I have (almost) successfully found the Twitter handles, which you can find in the last column of the CSV here.
Out of the 1000 top universities, I have found matches for 879 of them, and 121 are without a match. Those with matches are not all entirely accurate, since some universities don't have Twitter accounts and my script picked up professors mentioning the school instead, or incorrect account due to non-English names and descriptions. But I'll keep working on it...
The source for the 1000 top universities in the world was the Center for World University Rankings.
Once we have the Twitter accounts, we can fetch tweets for every university. The tweets we're interested in should match the following criteria:
- Tweet is from an account that is not the university itself.
- Tweet mentions the @, or replies to it
- Tweet is from an account that could be a student (i.e contains "student, grad, major, etc" in profile description)
- Tweet is plain text, no links
- Tweet is in English
Using Tweepy we can perform this search with an advanced query that looks like this:
results = []
query_string = "(to:{screen_name} OR @{screen_name}) lang:en -filter:links".format(screen_name=screen_name)

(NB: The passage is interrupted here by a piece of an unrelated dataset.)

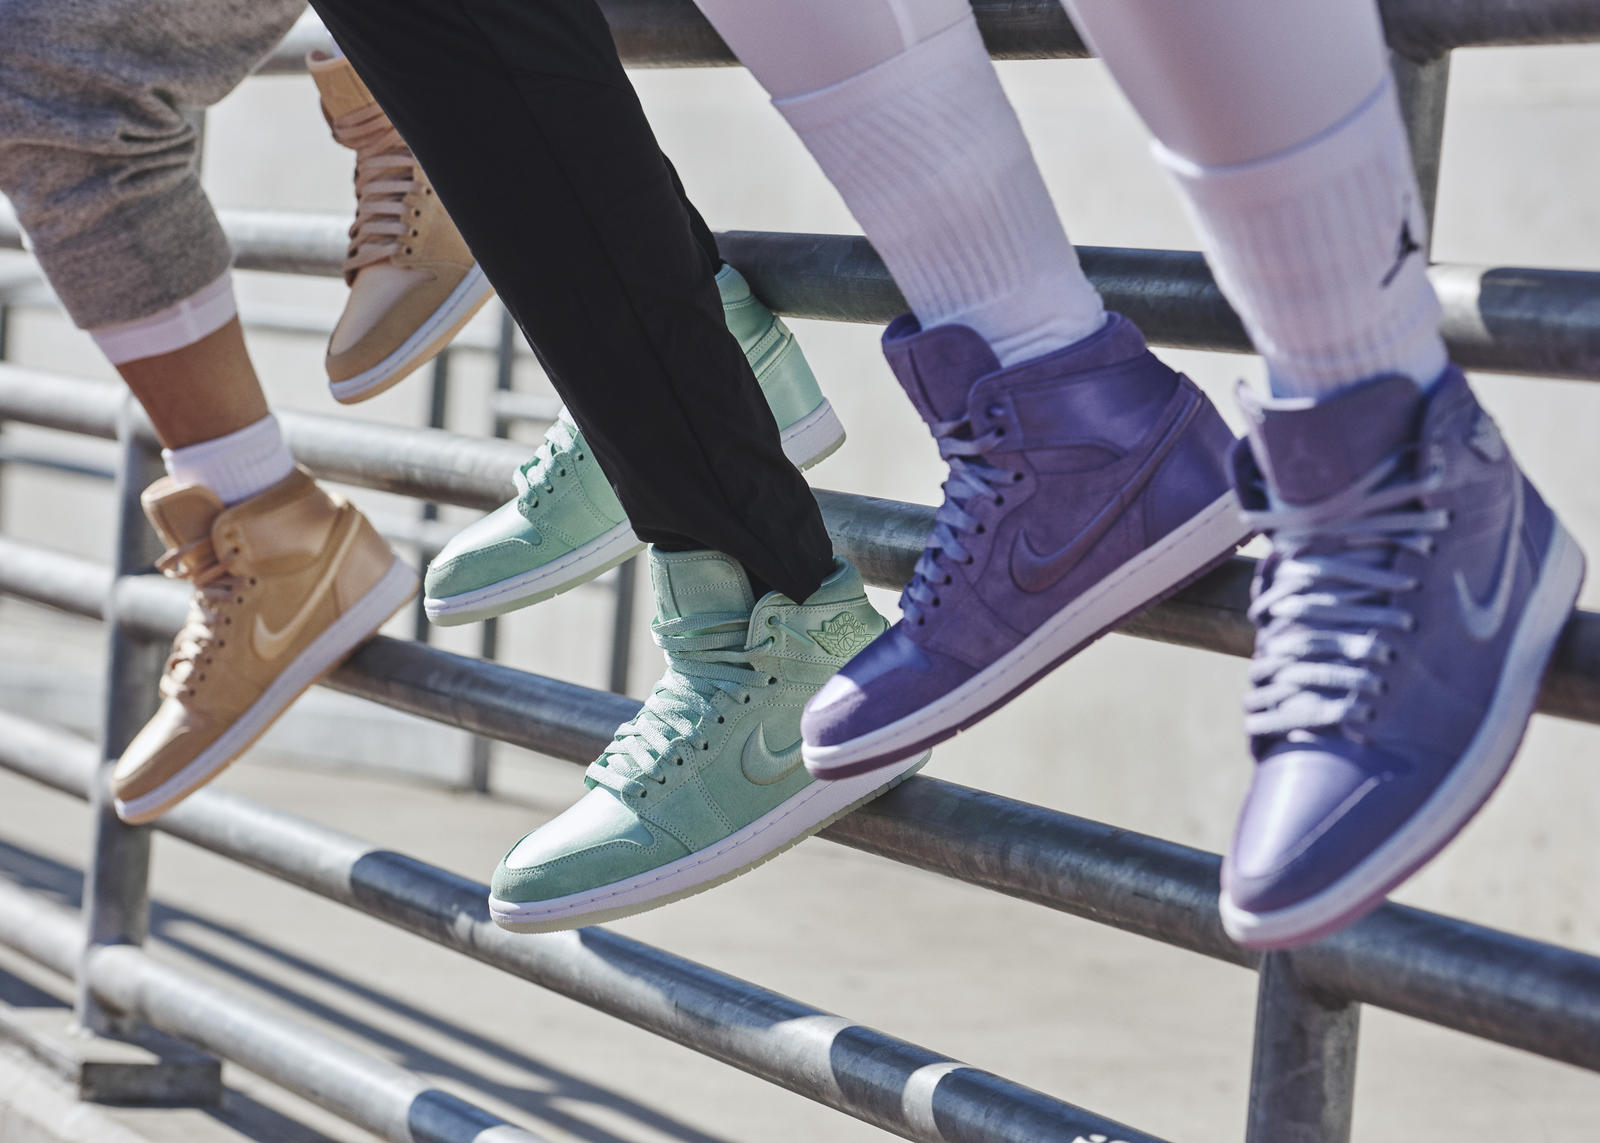 Jordan Brand Reveals Spring 2018 Women's Collection - Nike News

for page in tweepy.Cursor(api.search, q=query_string, count=100, tweet_mode='extended').pages(5):
results = results + page
Tweets for every university are saved in a CSV in the /tweets-data folder.
Although I could have manually labelled all the tweets myself with 'positive', 'negative', I decided to skip ahead and use another labelled dataset from NLTK, and saved the trained model from NLTK to then classify the tweets I fetched.
nltk.download('twitter_samples')
You can find the pre-trained model at /sentiment-analysis/sentiment_classifier.picke
For every tweet I ran the classification, and assigned a new column "sentiment". I then counted the total count, positive count and negative count and assigned these columns to the original CSV (university ranking).
Although all the tweets were classified, some universities didn't have much Twitter activity, so I filtered out those that have < 50 tweets.
This is simply counting the number of positive tweets / total tweets for each uni. We then sort by descending and we get our ranking of happiness!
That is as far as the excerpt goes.